Politics & Policy

A Tale of Two Eavesdroppings

Sometimes technology is used to inhibit our freedom, sometimes it's not.

Liberals of all stripes have jumped on President Bush’s strategy to protect all Americans through the use of selective eavesdropping by arguing that the privacy of American citizens is being violated. On the other side of the argument, Ben Stein, noted author and market commentator, recently pointed out that he would rather let the government track his library card than be threatened by another terrorist attack. The jury is still out on this important issue. Yet, without the technology of wiretapping and eavesdropping, there wouldn’t be much of an argument either way.

One must remember that eavesdropping on German and Japanese communications during World War II contributed to our victory over the Axis powers and saved thousands, if not millions, of lives. Today’s world war against the terrorists should not be relegated to a peacetime framework that limits a similar ability to achieve victory.

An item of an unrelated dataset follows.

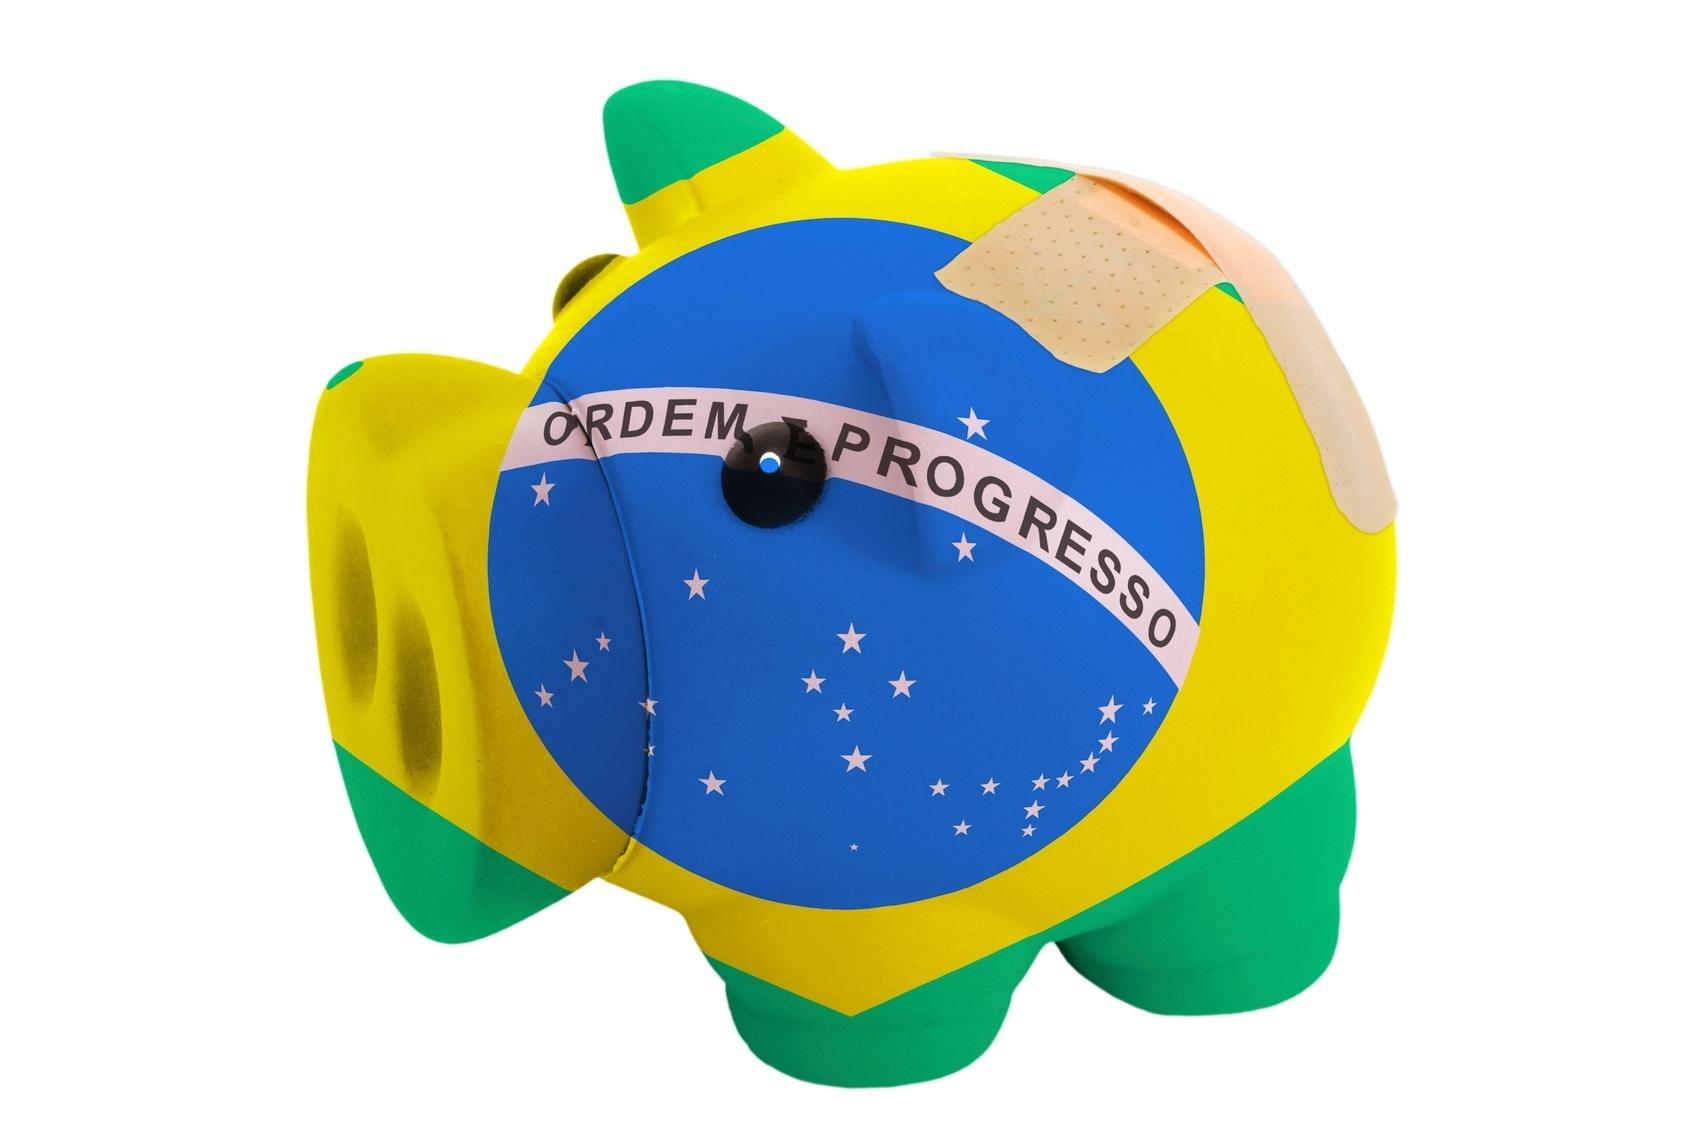 Risco Brasil dobra com eleição  país só está melhor que Turquia e Argentina  - 13 09 2018 - UOL Economia 81b2c6940f668

A related concern in this debate is how the advancement of technology opens up a whole new interpretation of wiretapping and eavesdropping. Look at the Internet. First there was e-mail and more recently instant-messenger services that have brought a whole new meaning to “verbal” communications. E-mail allowed people to write electronic notes, letters, jokes, and send them to an unlimited number of recipients — all for free. In reality, e-mail was an electronic form of verbal communication facilitated by technology. Instant messaging, a real-time version of e-mail, has in a way become the electronic version of conversation. Participants “talk” to each other over the Internet via a provider of messenger services and can literally carry on a number of electronic conversations simultaneously.

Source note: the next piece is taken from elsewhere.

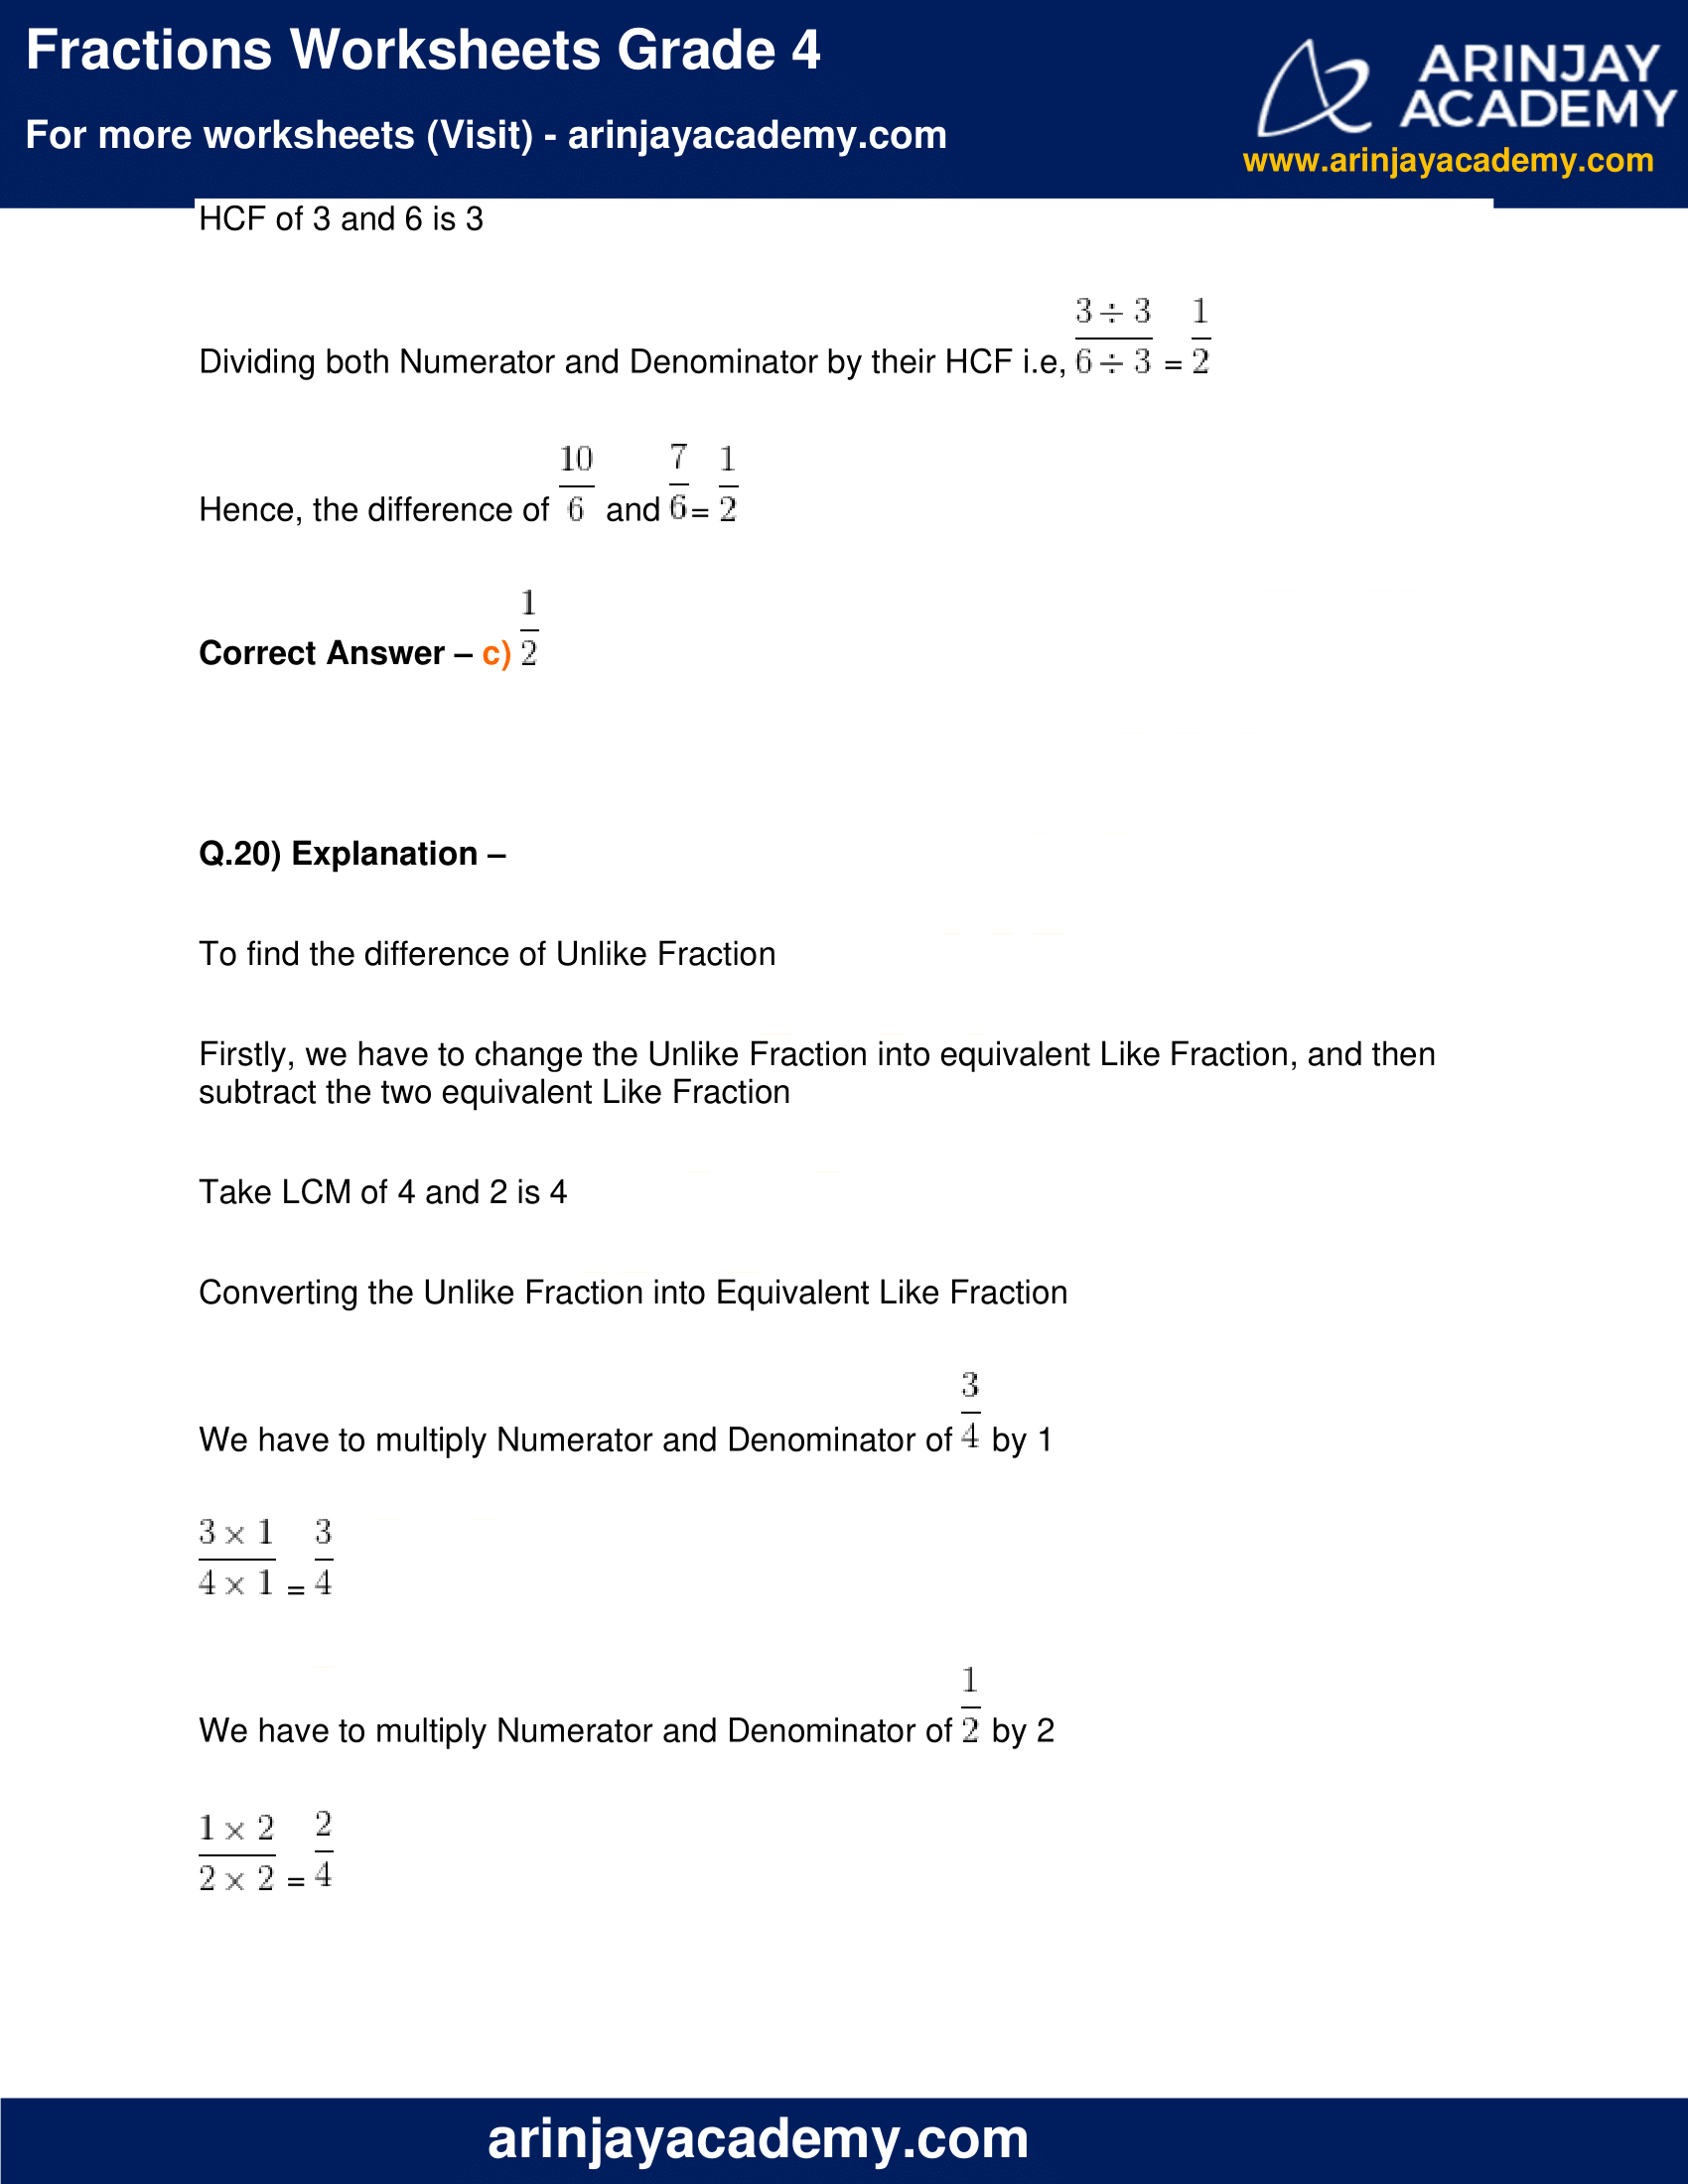 Fractions Worksheets Grade 4 image 18

Both of these electronic communication techniques have enhanced our ability to “talk” to each other. They’ve also opened up a new avenue for potential eavesdropping.

Not so long ago, courts began to subpoena records of e-mail messages as a way to determine who said what and when. The government was quick to require selective industries and companies to maintain records of all employee e-mails. If they did not, large fines would encourage them to do so.

Not too long after that, the government jumped on instant-messaging services, insisting that some companies maintain detailed records of all messenger conversations of all employees. Not only were the companies involved required to keep these records, they were to demonstrate that they had put in place the mechanisms necessary to track these records. Once again, failure to do so would mean a substantial penalty.

Most interestingly, this obvious intrusion into the privacy of Americans seems to have fallen on deaf ears when it comes to the liberal establishment that is so upset about President Bush’s eavesdropping on terrorists. While liberals burn the midnight oil to undermine the president’s policies to protect Americans by threatening impeachment for eavesdropping, virtually any other government entity can intrude upon the privacy of U.S. citizens by having access to electronic conversations. This is not too far removed from a requirement that companies record all real conversations between employees, just in case something might be said that could be used in some subsequent court case.

When technology one day allows us to record our thoughts, will the government require all individuals to be subject to the surveillance of their minds?

But not to veer from my point — which is that there’s more than a whiff of technological hypocrisy in the air these days. The liberal privacy promoters are much more interested in attacking the president for eavesdropping on terrorists than raising concern over the government’s systematic monitoring of users of the Internet.

Am I missing something here?

– Thomas E. Nugent is executive vice president and chief investment officer of PlanMember Advisors, Inc. and principal of Victoria Capital Management, Inc.